Non solo Sorrento: regole simili in altre città turistiche

Chi grida al “Medioevo” dimentica che Sorrento non è un’eccezione. Firenze, da anni, vieta di sedersi a consumare cibo e bevande sui gradini di piazza della Signoria o di Santa Croce per tutelare i monumenti. A Venezia le sanzioni contro chi consuma cibi e bevande seduto a terra o a torso nudo in piazza San Marco possono arrivare a centinaia di euro. A Roma, è vietato immergersi nelle fontane storiche o camminare a petto nudo nei pressi del Colosseo.

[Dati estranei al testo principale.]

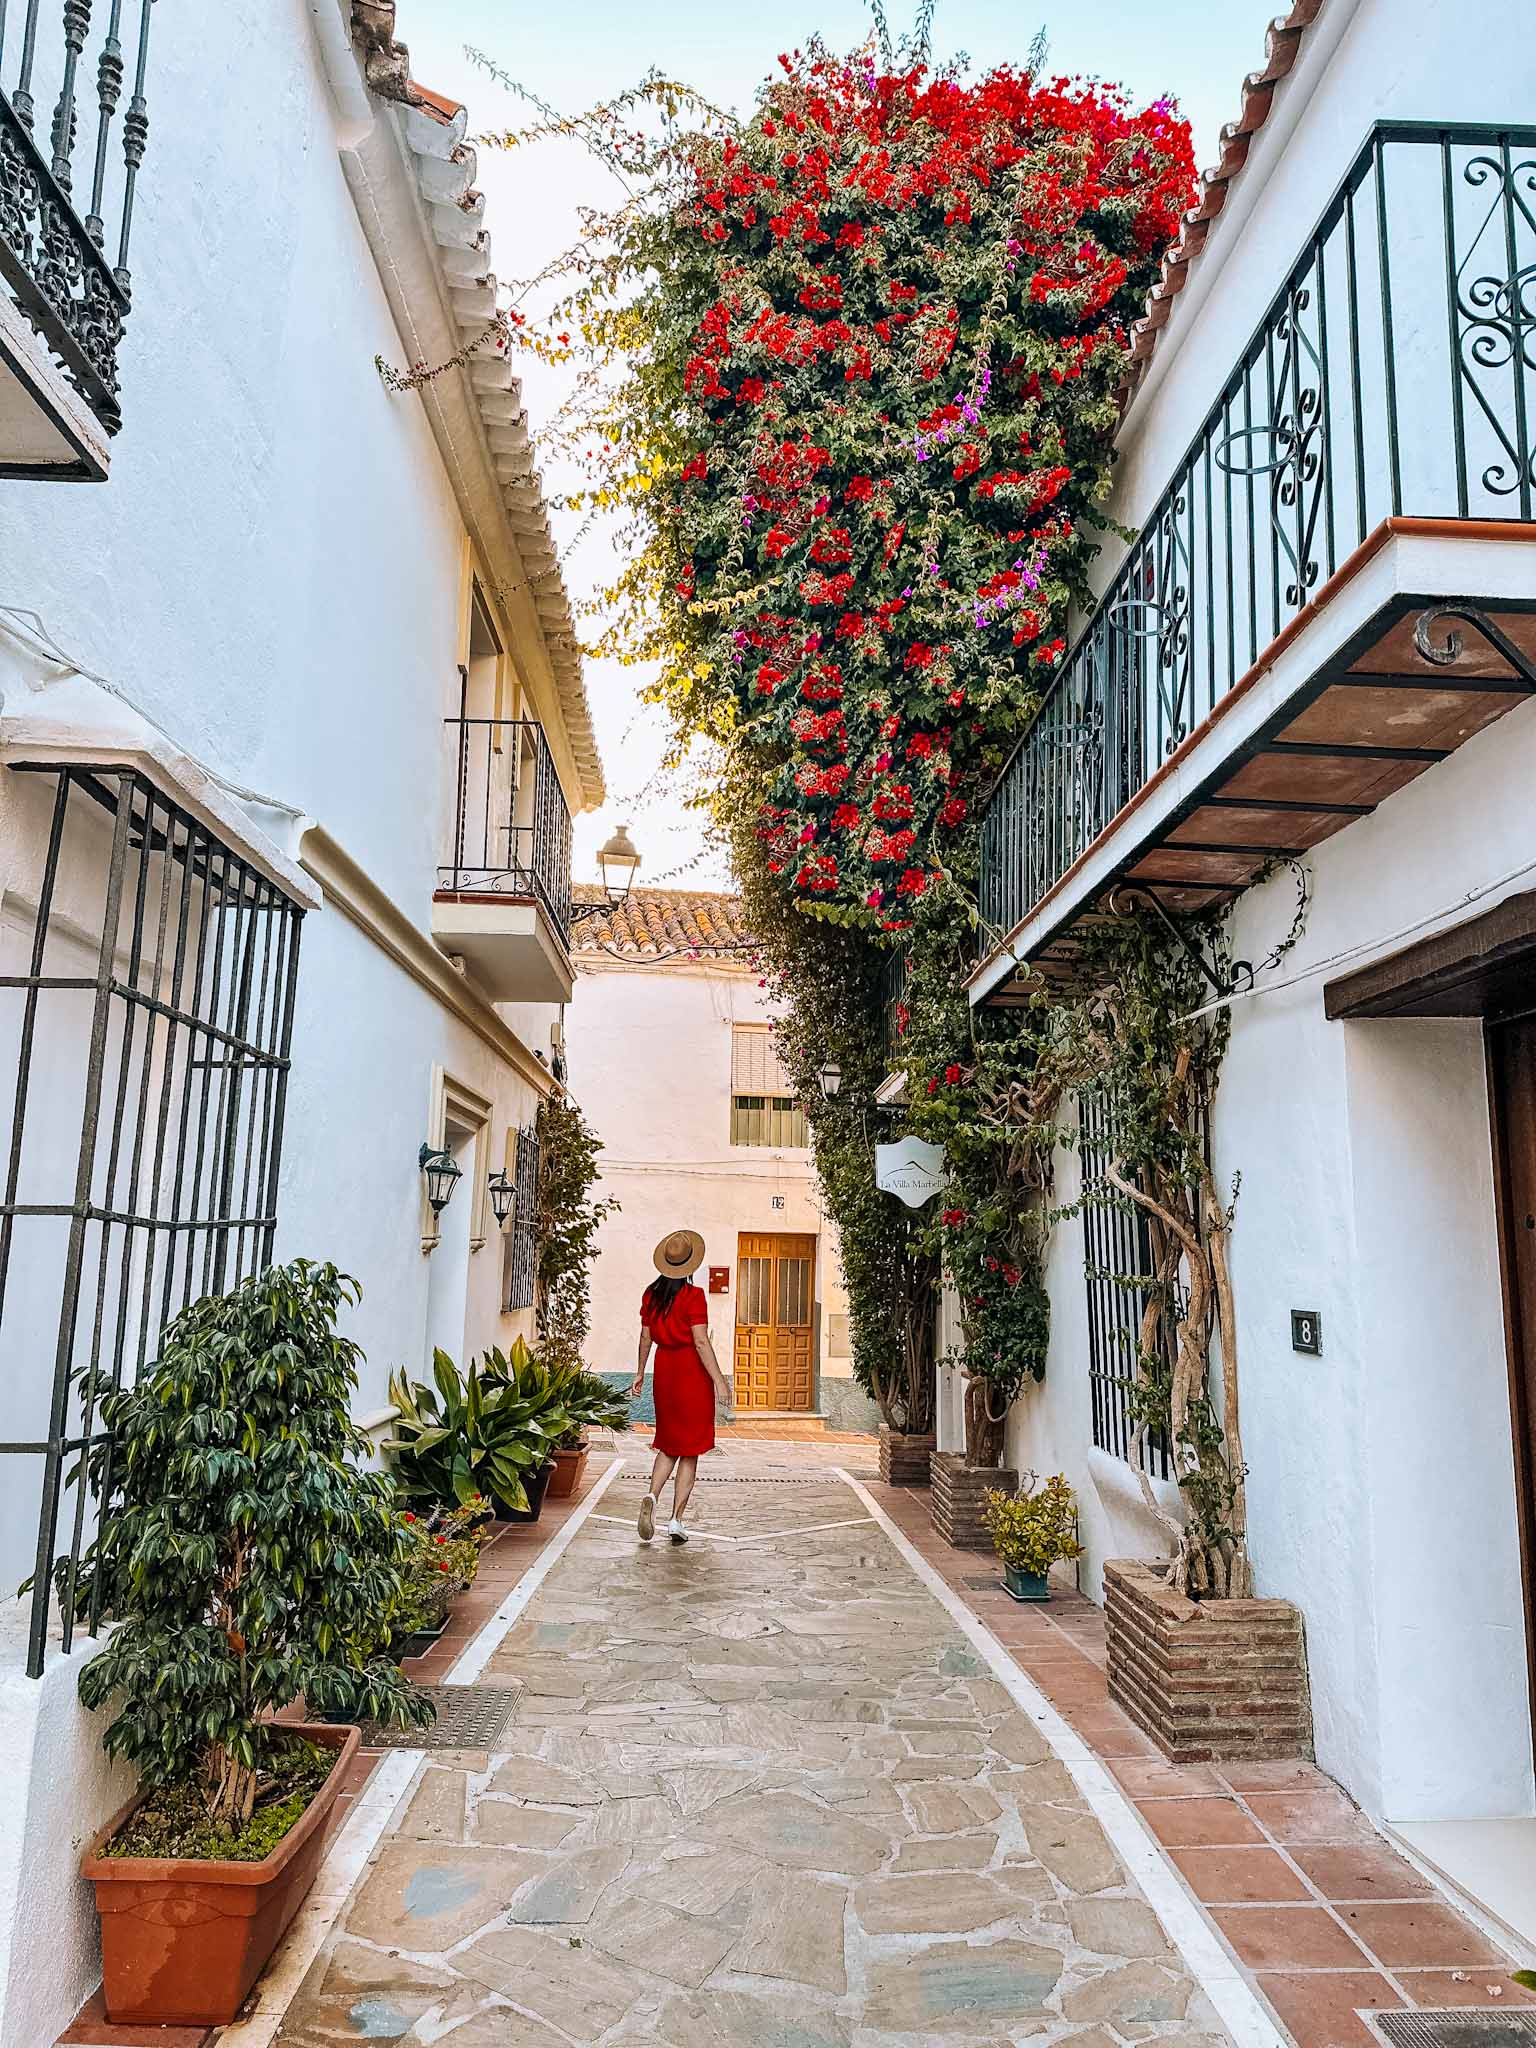 Most beautiful white villages towns in Andalusia, Spain - Marbella

Misure nate per proteggere i luoghi ma anche per arginare comportamenti che spesso degenerano in maleducazione e degrado. Perché, come denunciano i commercianti di Sorrento, non è raro trovarsi clienti che entrano sgocciolanti d’acqua nelle botteghe di ceramiche o nei negozi di abbigliamento, mettendo a rischio la merce. “Non è questione di moralismo – spiega un ristoratore del centro storico – ma di rispetto per chi lavora e per chi visita la città con un comportamento civile”.

Libertà non è maleducazione

Eppure, c’è chi ha parlato di “Stato etico”, chi ha agitato lo spettro del controllo sociale, chi ha rispolverato l’ormai logoro cliché del “Medioevo”. Ma la verità è che le regole sul decoro urbano sono l’esatto opposto del Medioevo: sono uno strumento di civiltà.

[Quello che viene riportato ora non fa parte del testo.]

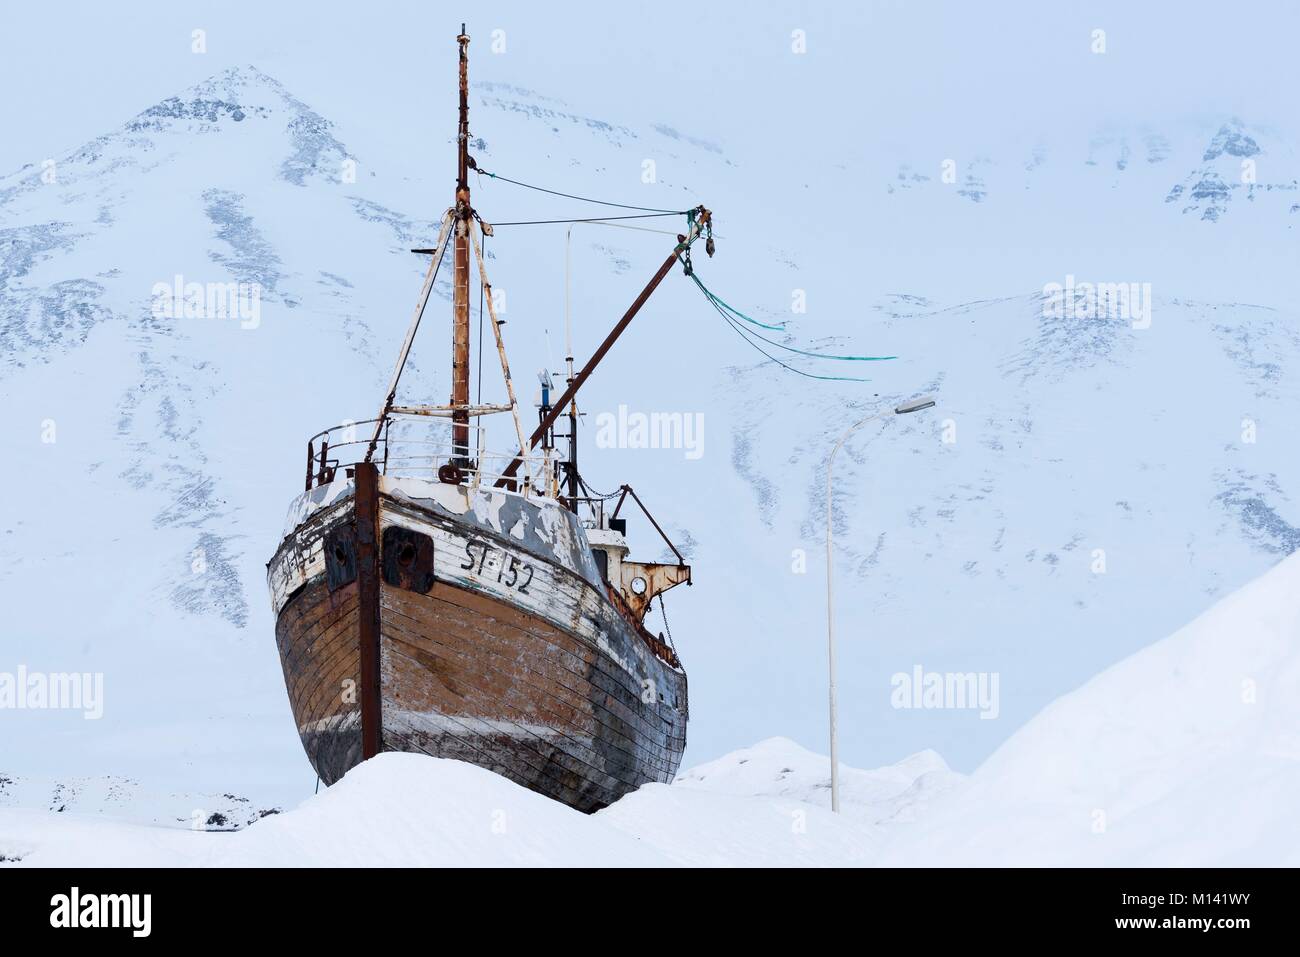 Iceland, North west Iceland, Siglufjordur, Boat on the land in winter Stock Photo

Una società matura sa che la libertà non è mai un concetto a senso unico. È equilibrio tra diritti individuali e diritti collettivi.

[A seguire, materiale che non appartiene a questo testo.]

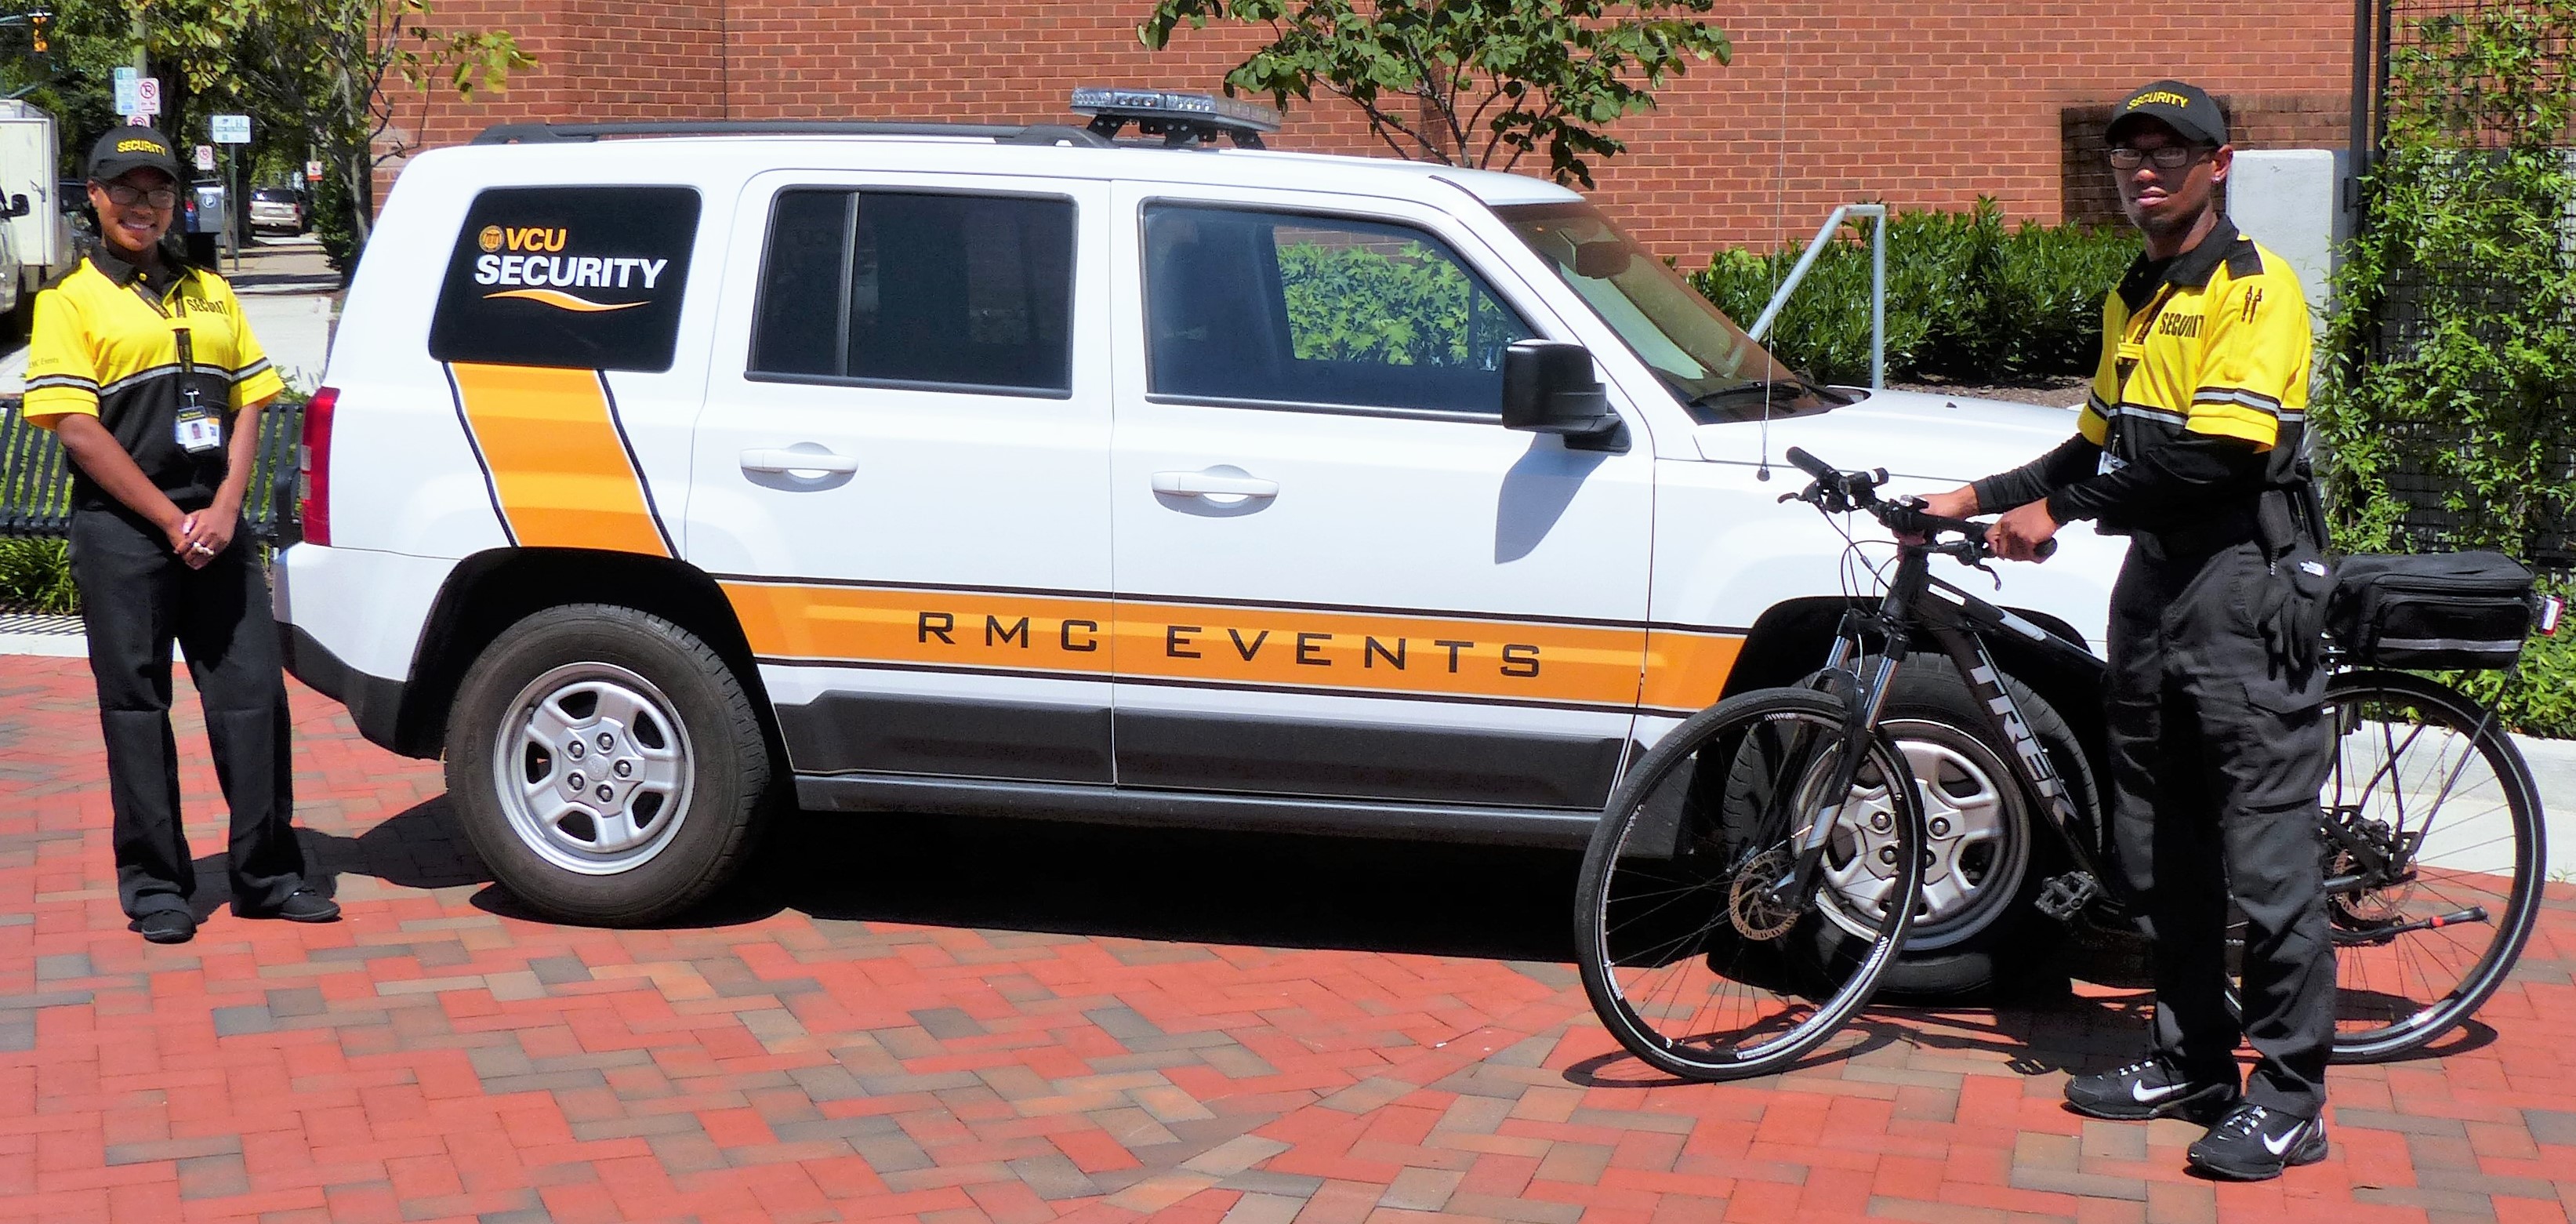 Image of a parked RMS / VCU Security vehicle

Non è Medioevo chiedere rispetto. È semplicemente ricordare che la libertà non è solo quella di fare, ma anche quella di non dover subire tutto.

Che tipo di comunità vogliamo essere? Una in cui ognuno pensa solo a sé stesso, pronto a urlare “è il mio diritto” per qualsiasi comportamento? O una comunità in cui il benessere collettivo conta quanto – se non più – delle piccole comodità individuali?

Il decoro non è un vezzo estetico, non è un retaggio religioso, non è un freno moralista. È la base della convivenza civile. Ed è proprio quando le regole spariscono che vincono i più forti, quelli che urlano di più, quelli che non si fanno scrupoli.

Prima di gridare al Medioevo, forse dovremmo chiederci: non sarà che ci siamo abituati a confondere la maleducazione con la libertà?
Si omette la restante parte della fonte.